• [What you need to do]
Starting from the line with "olly prenatal folic acid and dha reviews", please copy exactly every line to the end of the listing, but not the pictures.

• [Provided material]
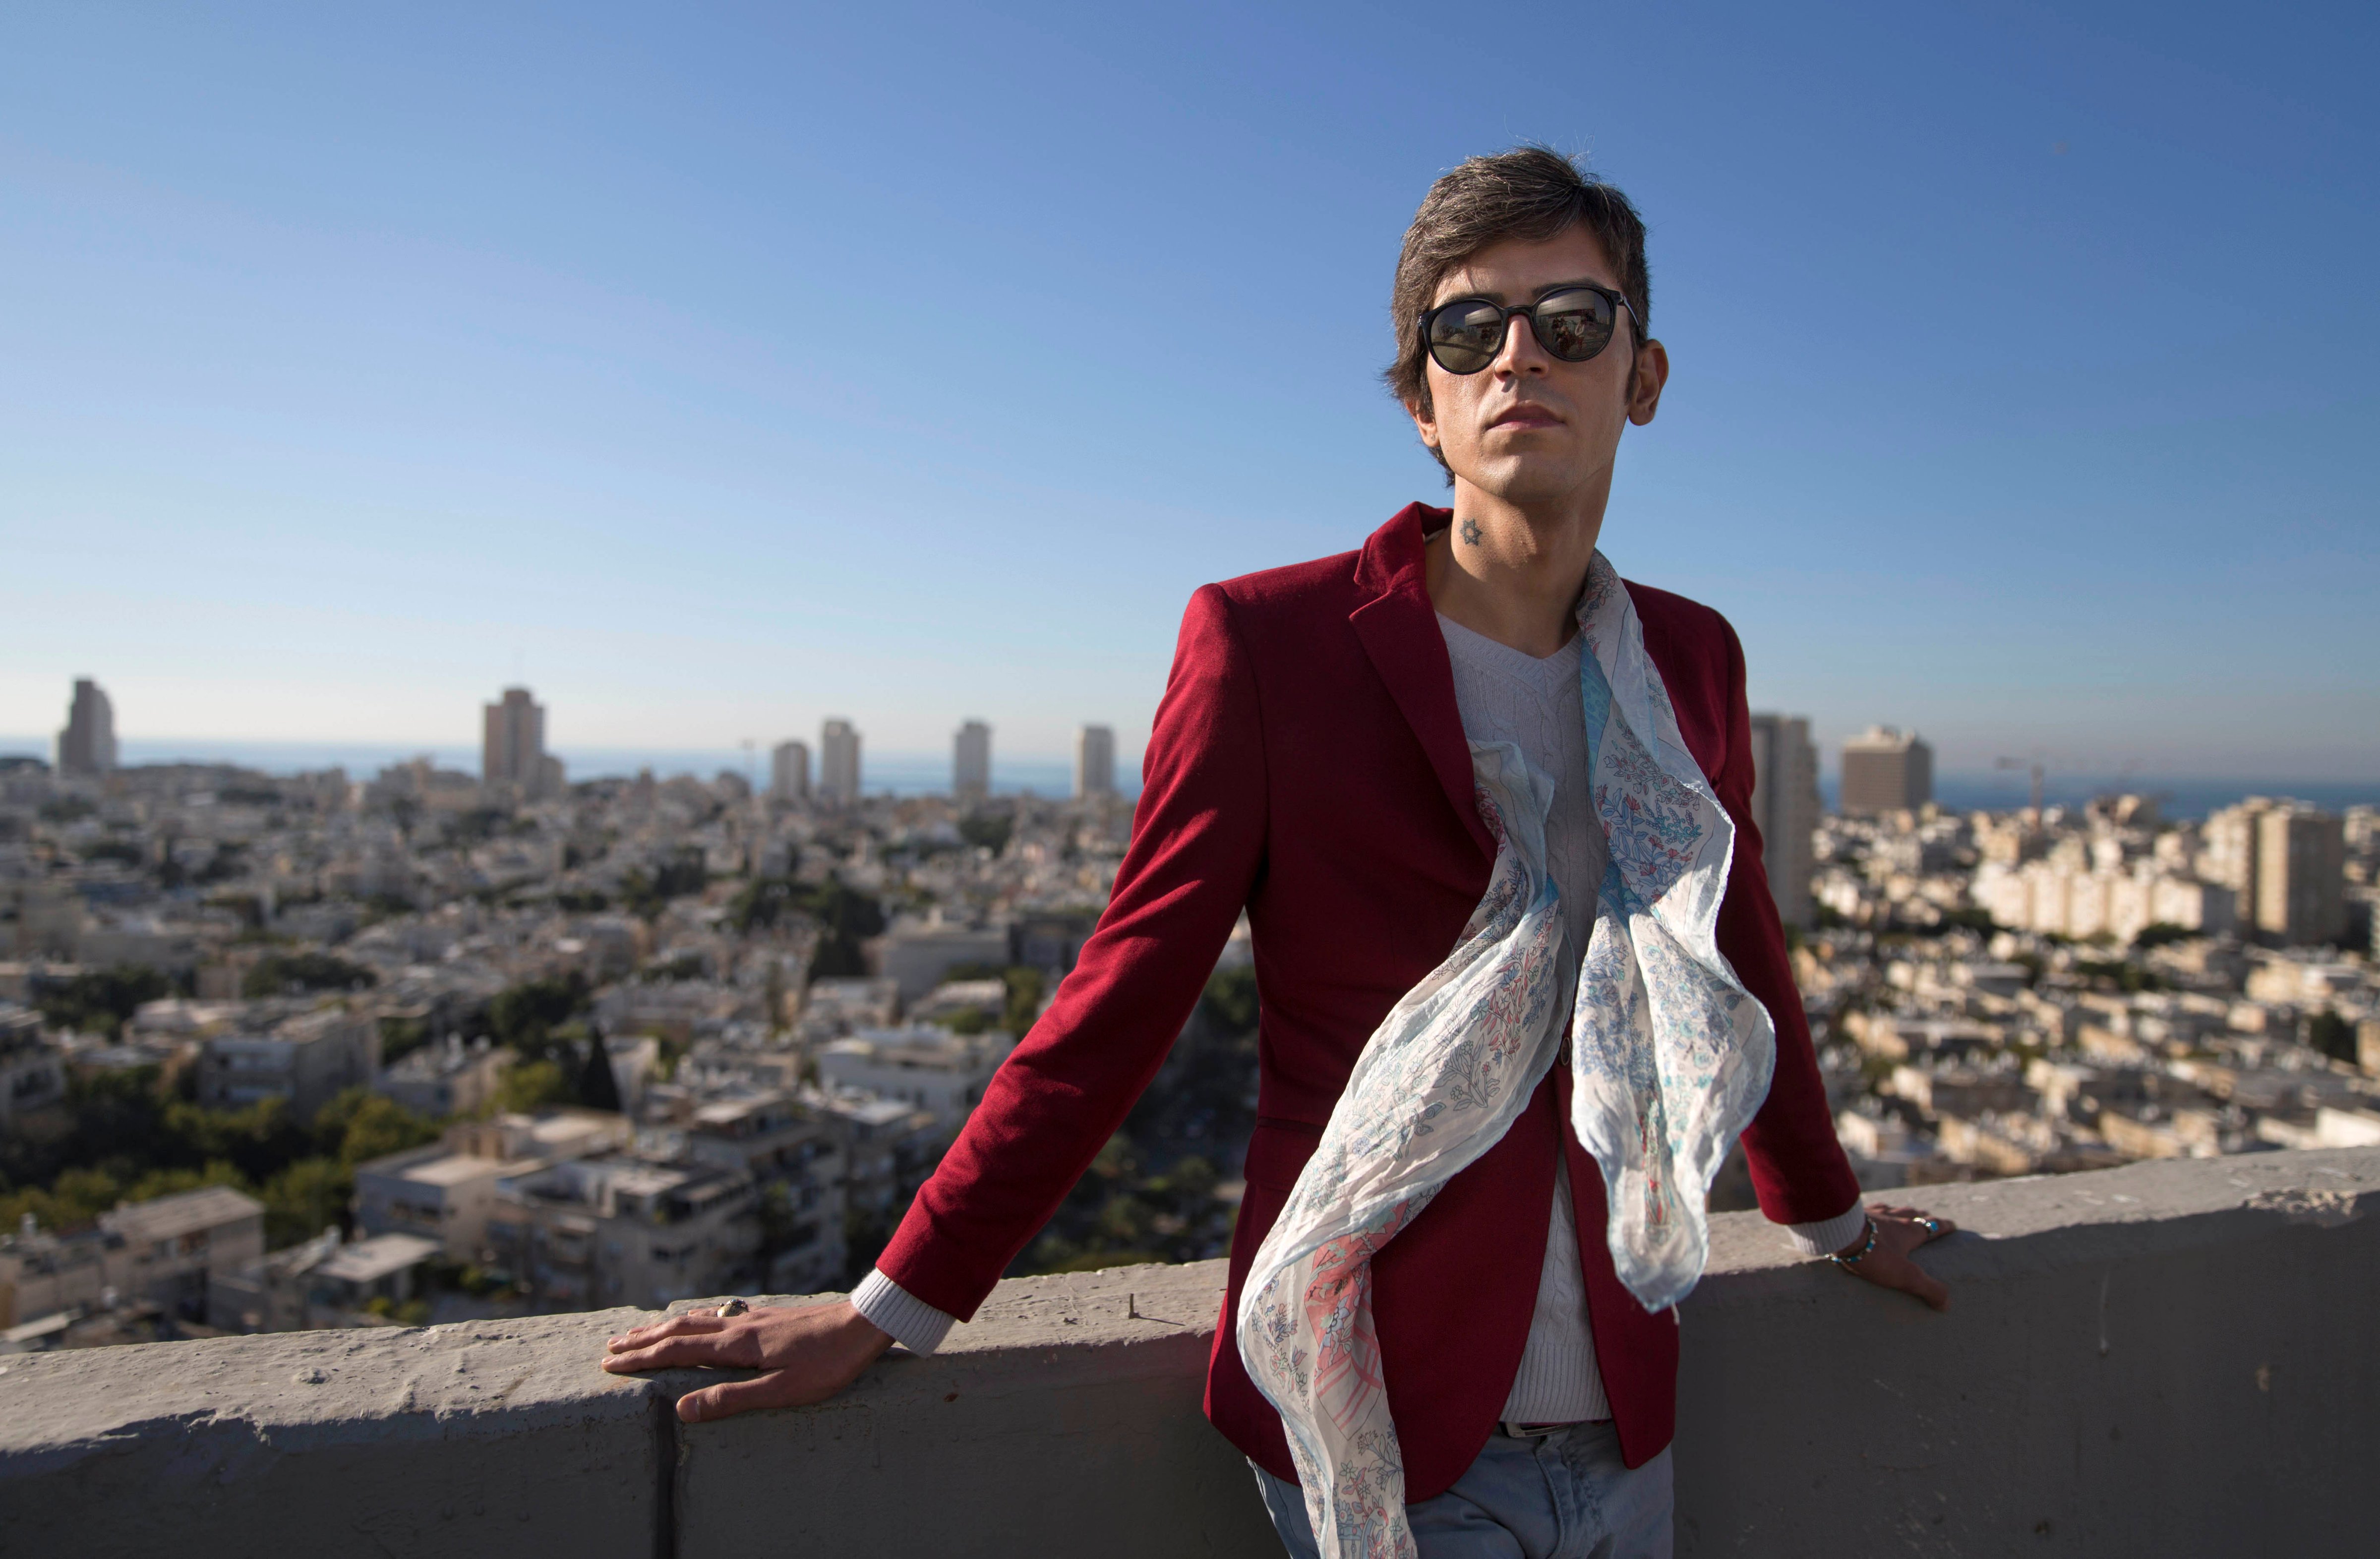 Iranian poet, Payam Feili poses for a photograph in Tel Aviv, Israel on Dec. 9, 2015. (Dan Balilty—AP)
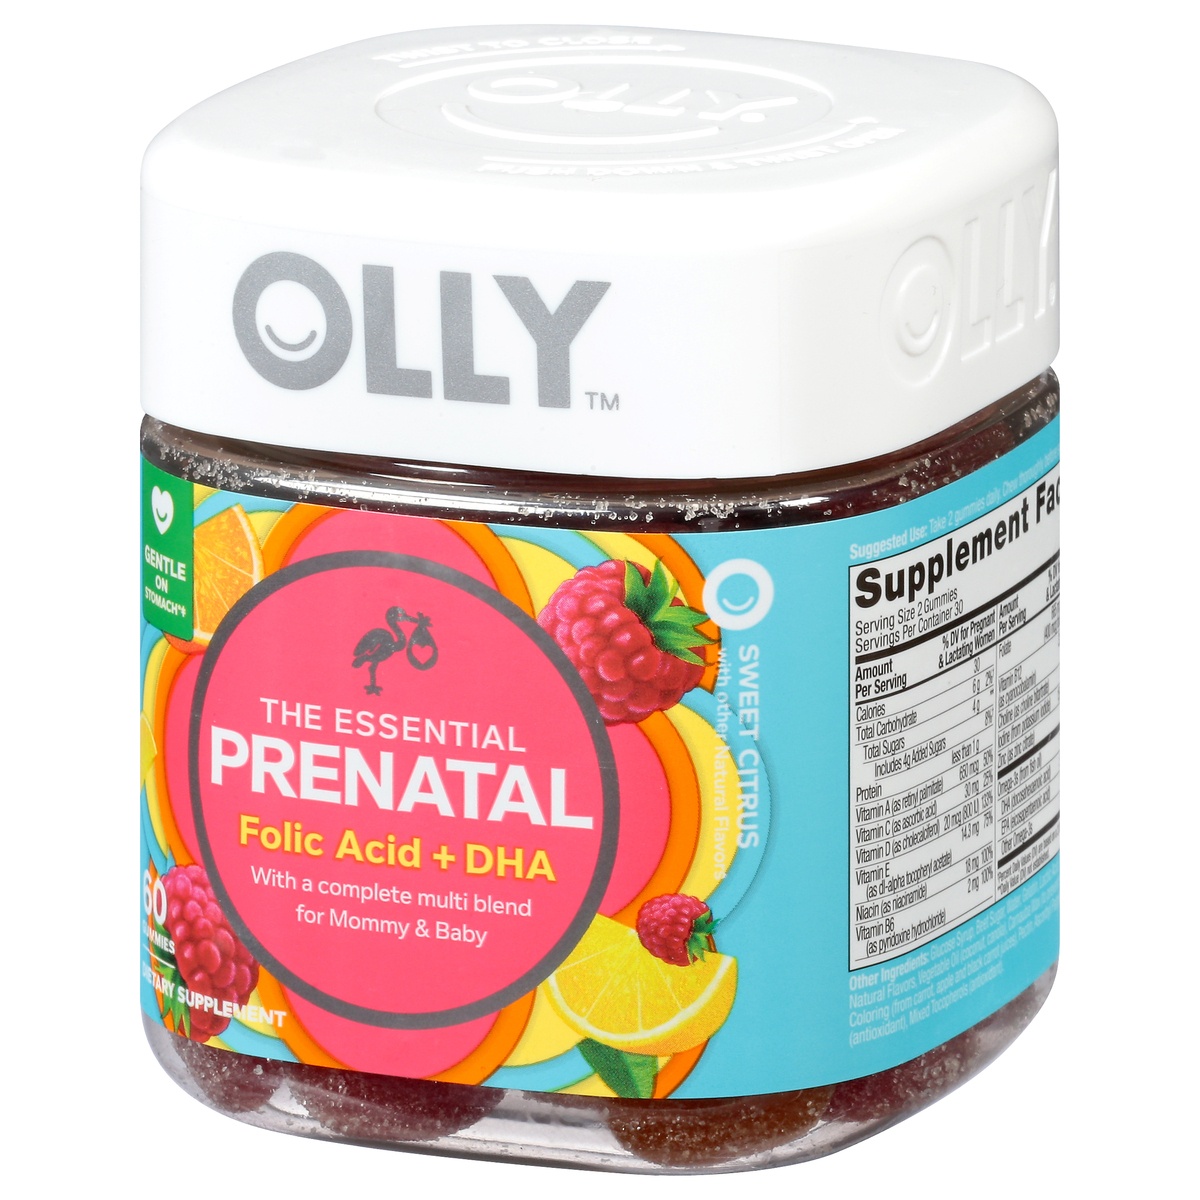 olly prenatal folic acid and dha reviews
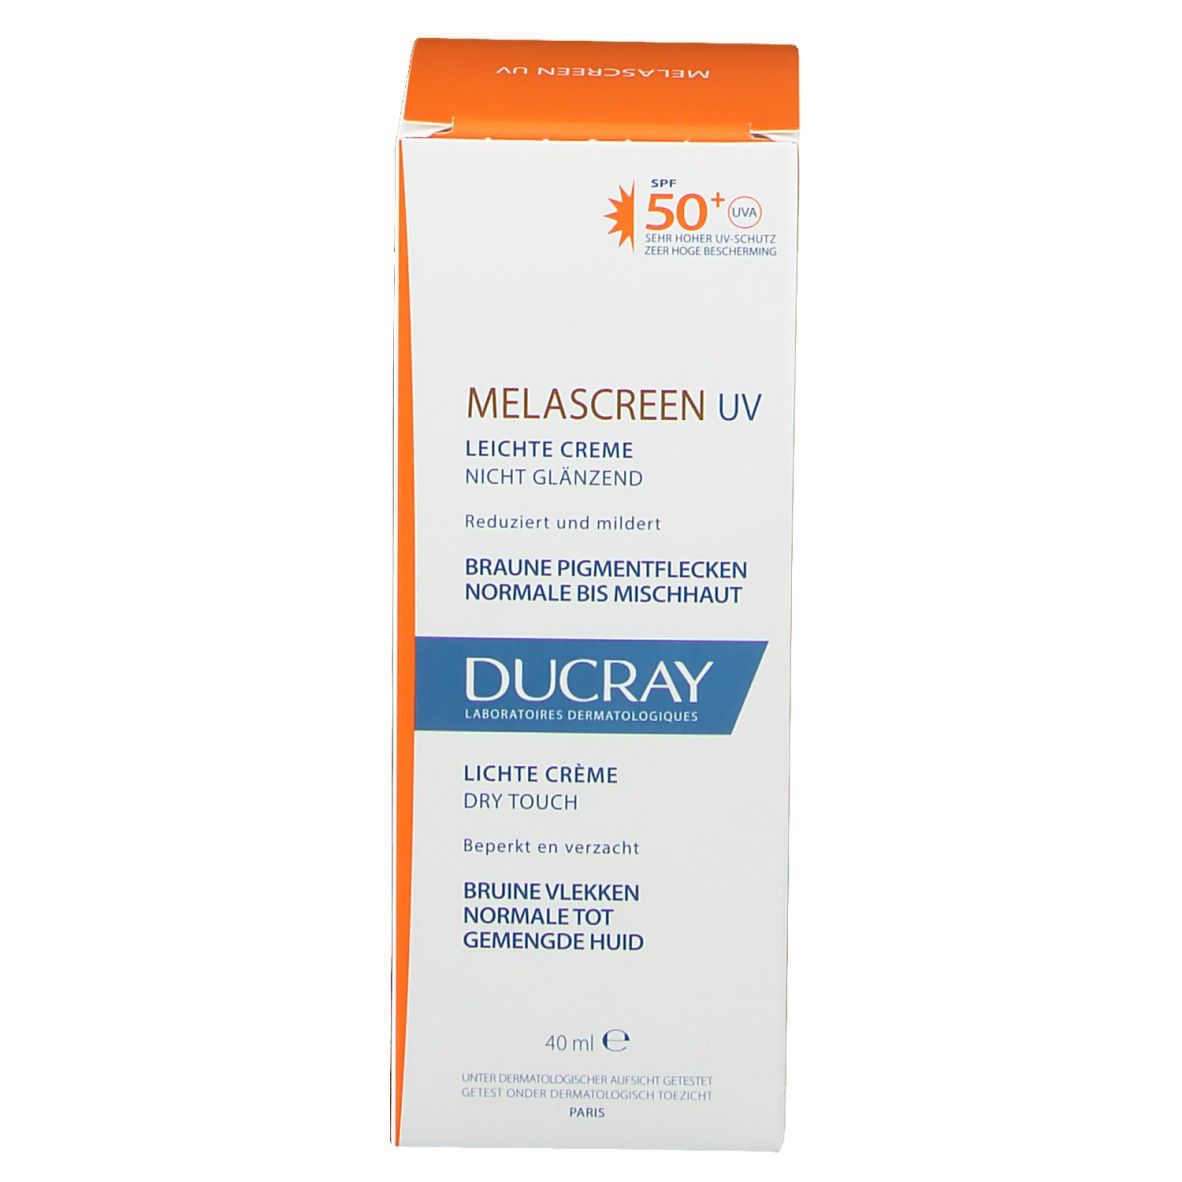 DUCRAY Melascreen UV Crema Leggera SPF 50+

• [Response area]
 olly prenatal folic acid and dha reviews
 DUCRAY Melascreen UV Crema Leggera SPF 50+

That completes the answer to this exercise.